◆ **Task objective**
Directions for the data below: repeat exactly the lines from the one with "Trio Eclipse: Spheres - Hardcover Book Back" through the one with "Flame 16-8mm Gold Diamond Bur", both included, and omit all pictures.
------ Entries provided ------
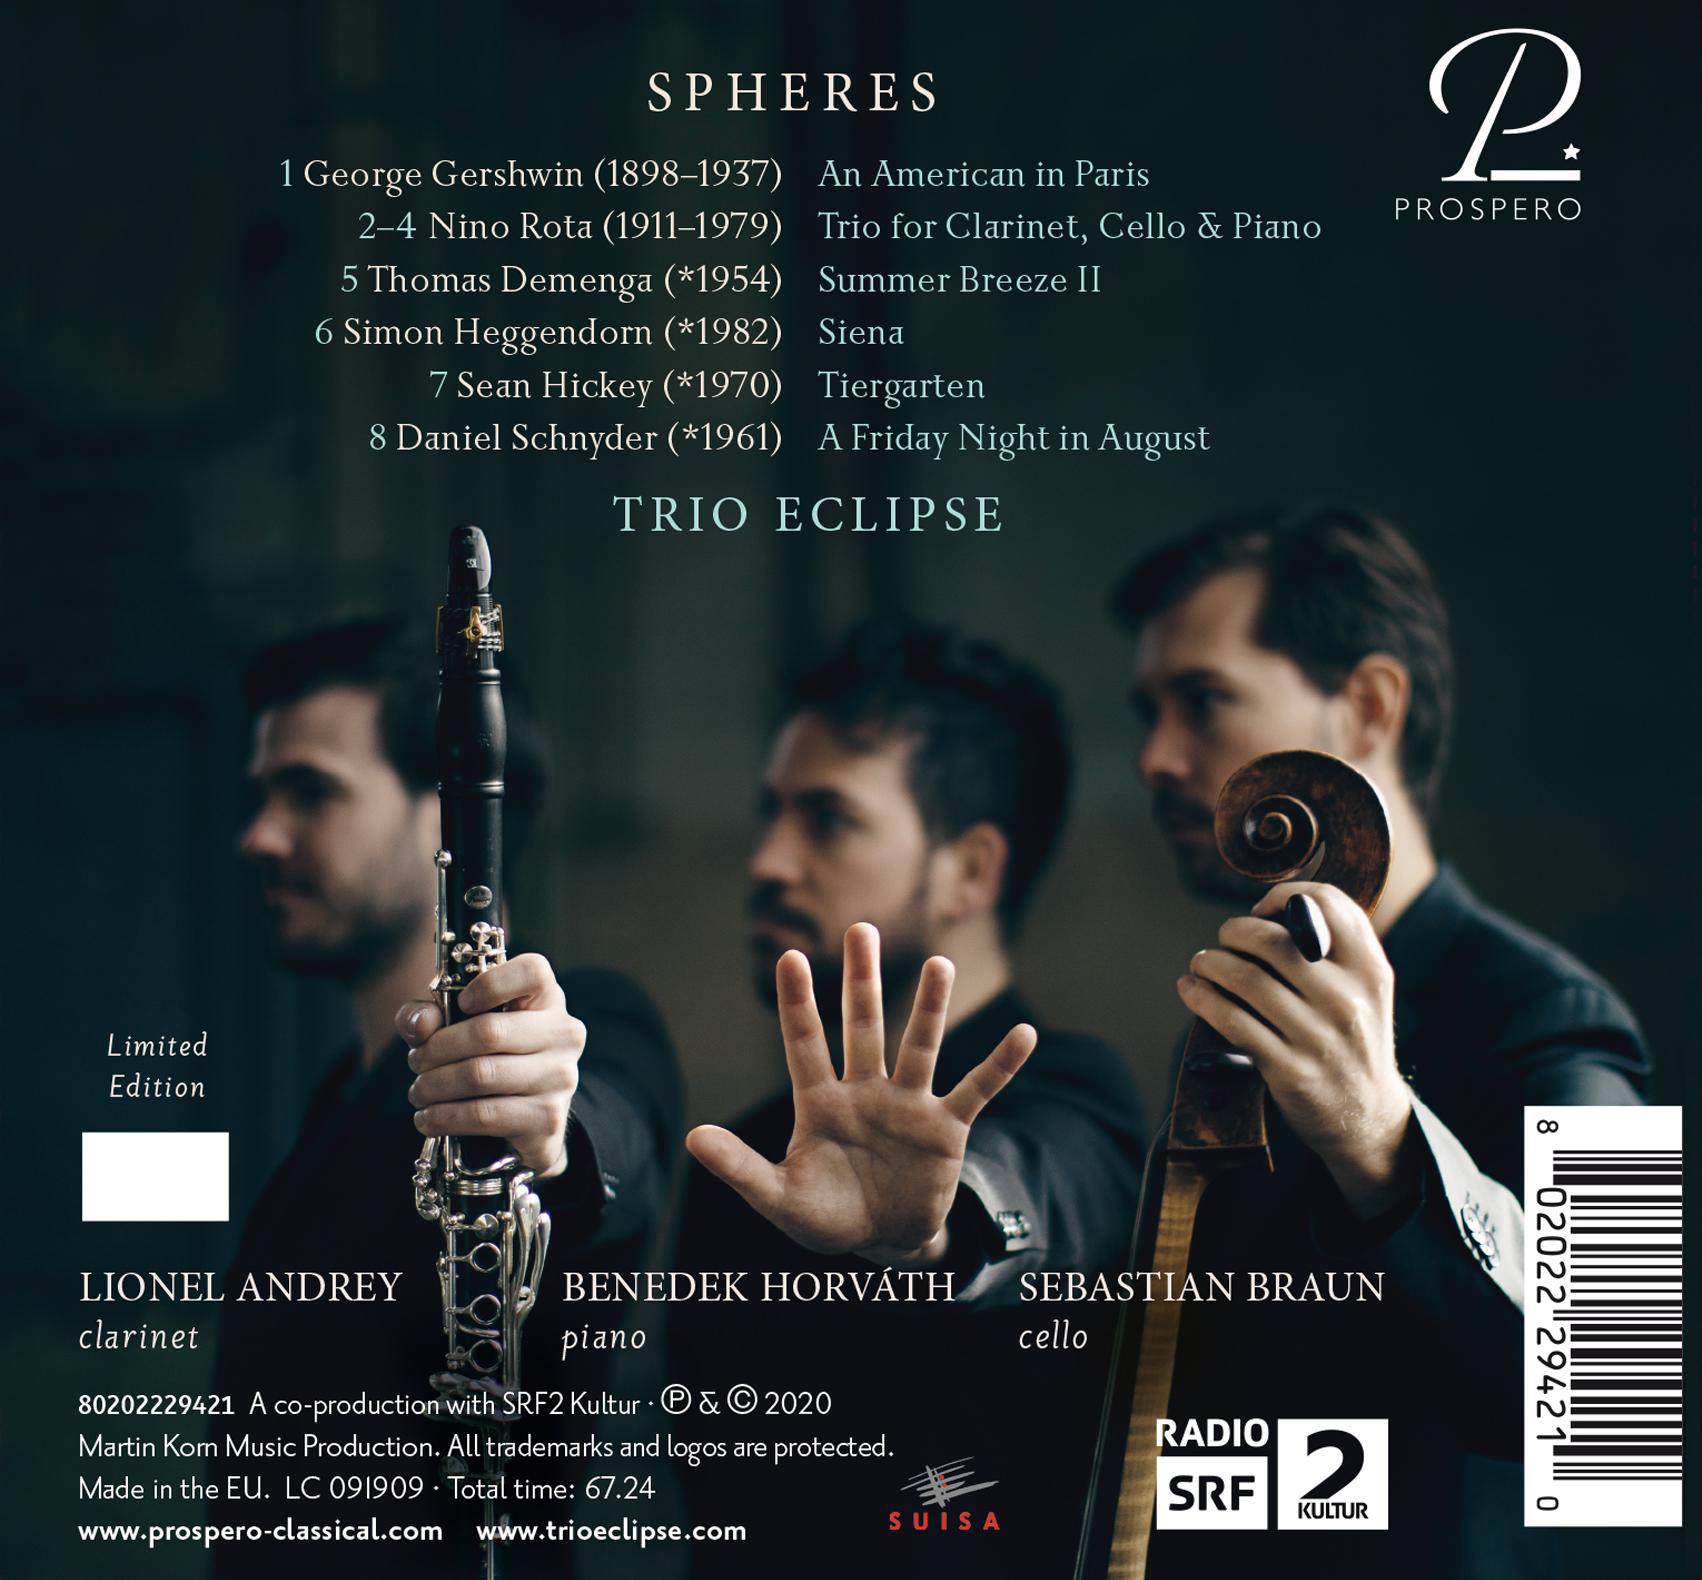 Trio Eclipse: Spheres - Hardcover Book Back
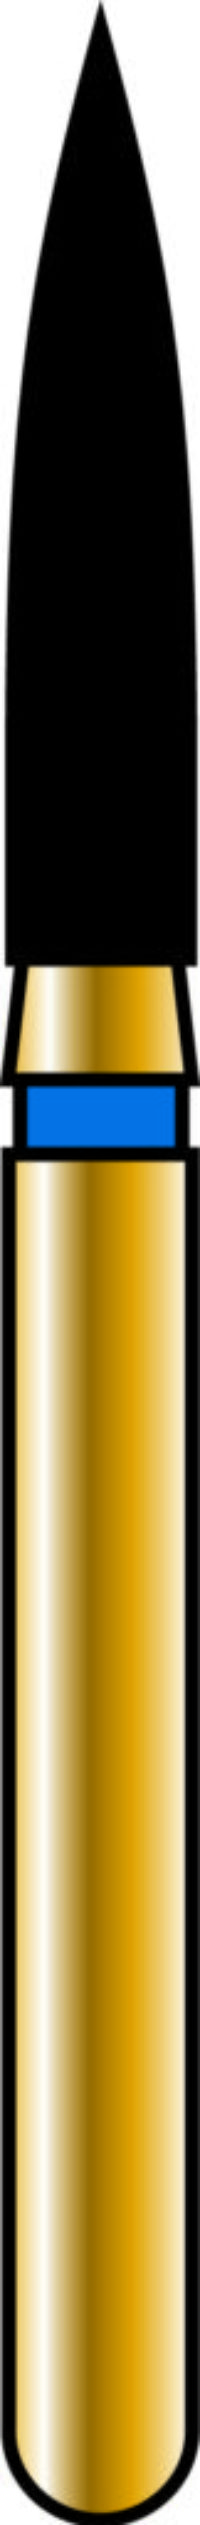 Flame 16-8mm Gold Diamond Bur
------
------ Entries provided ------
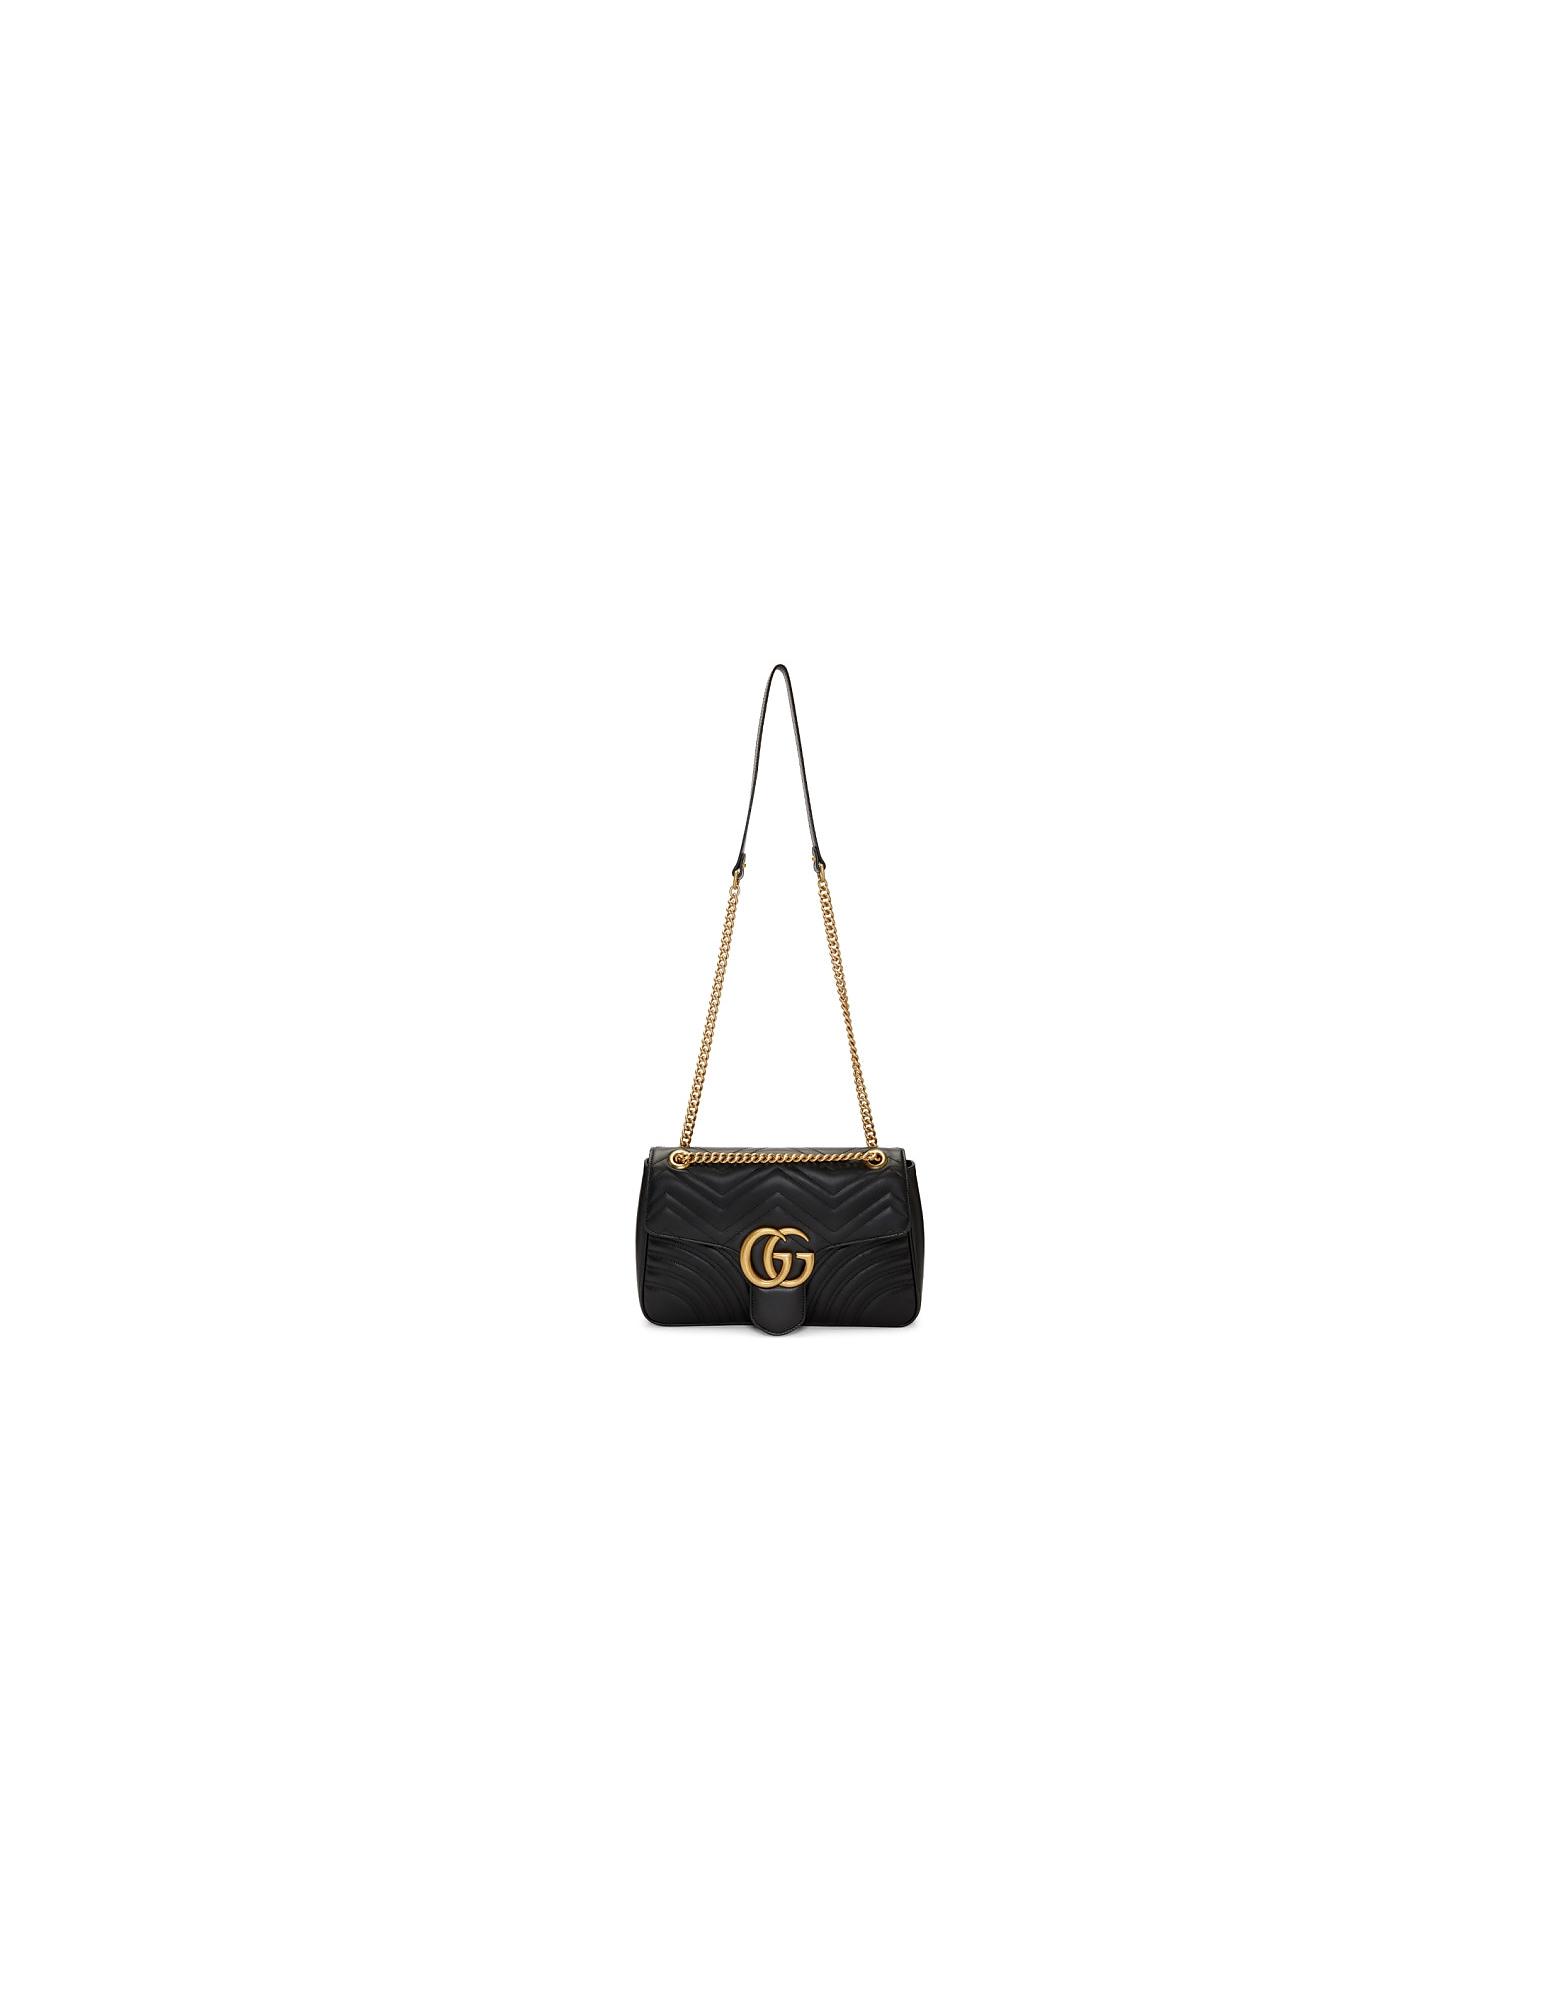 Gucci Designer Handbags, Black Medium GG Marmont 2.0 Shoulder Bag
------
------ Entries provided ------
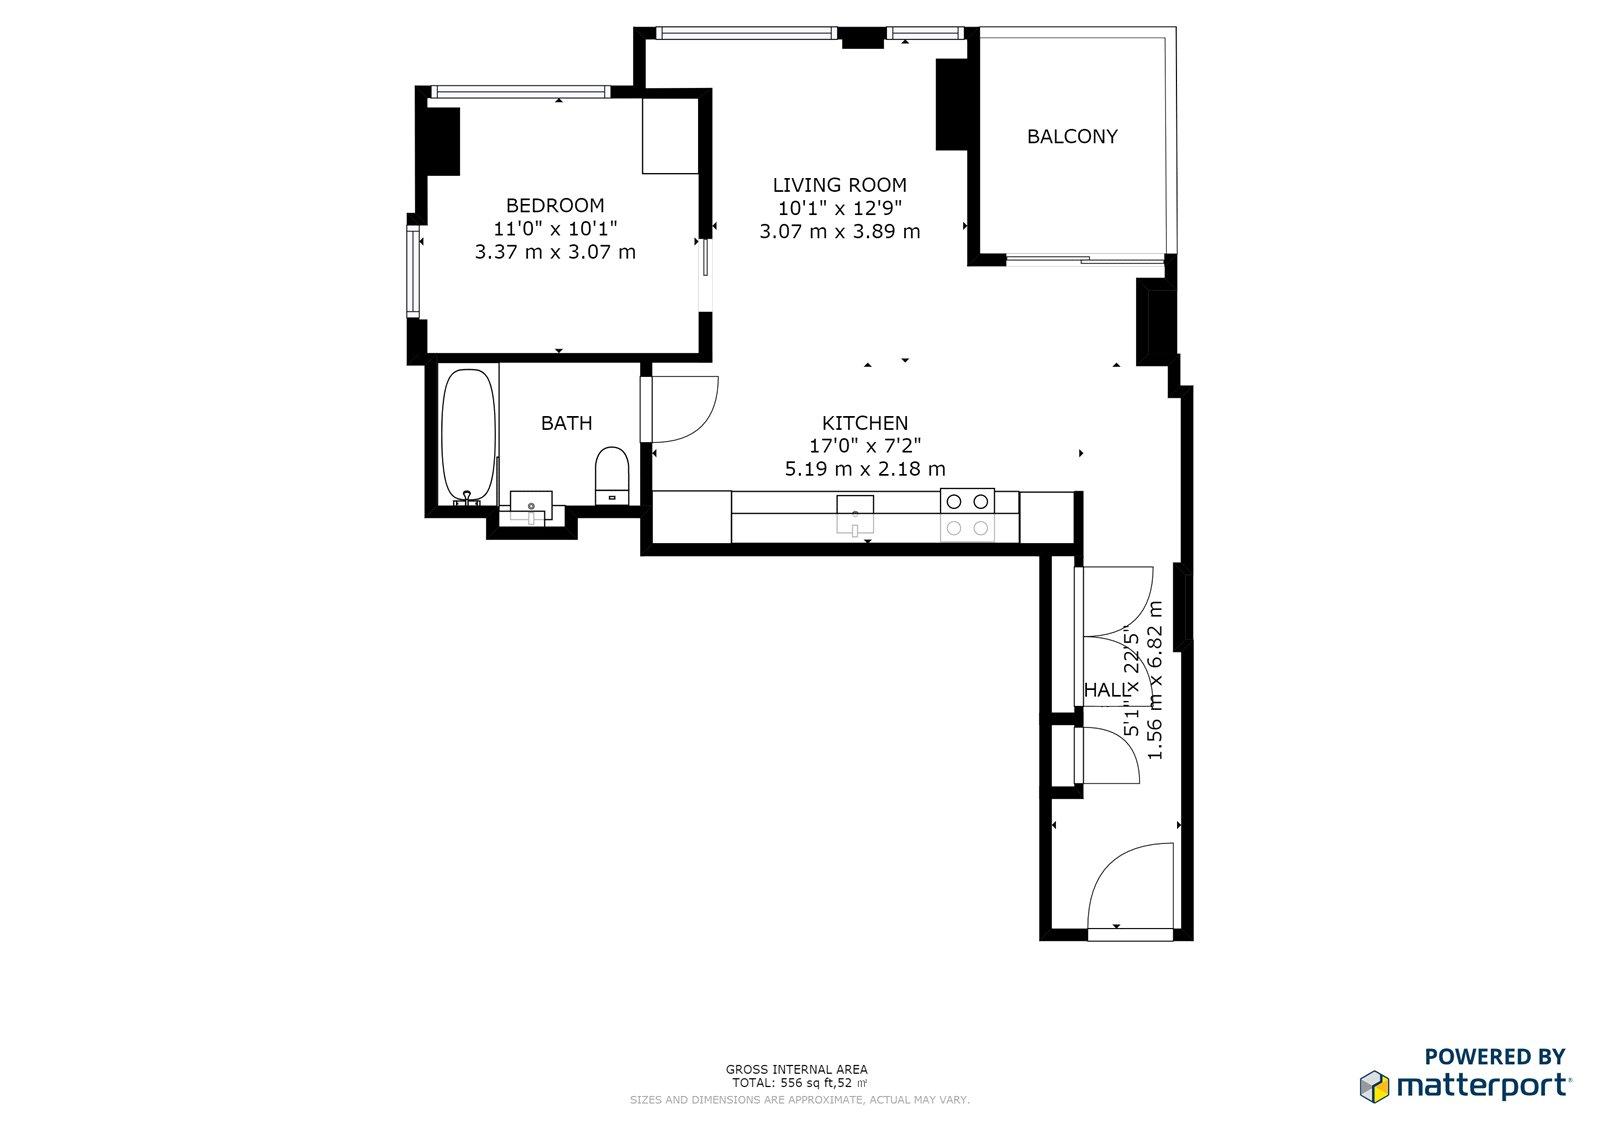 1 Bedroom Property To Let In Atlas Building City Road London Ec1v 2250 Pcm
------
◆ **Solution for this exercise**
 Trio Eclipse: Spheres - Hardcover Book Back
 Flame 16-8mm Gold Diamond Bur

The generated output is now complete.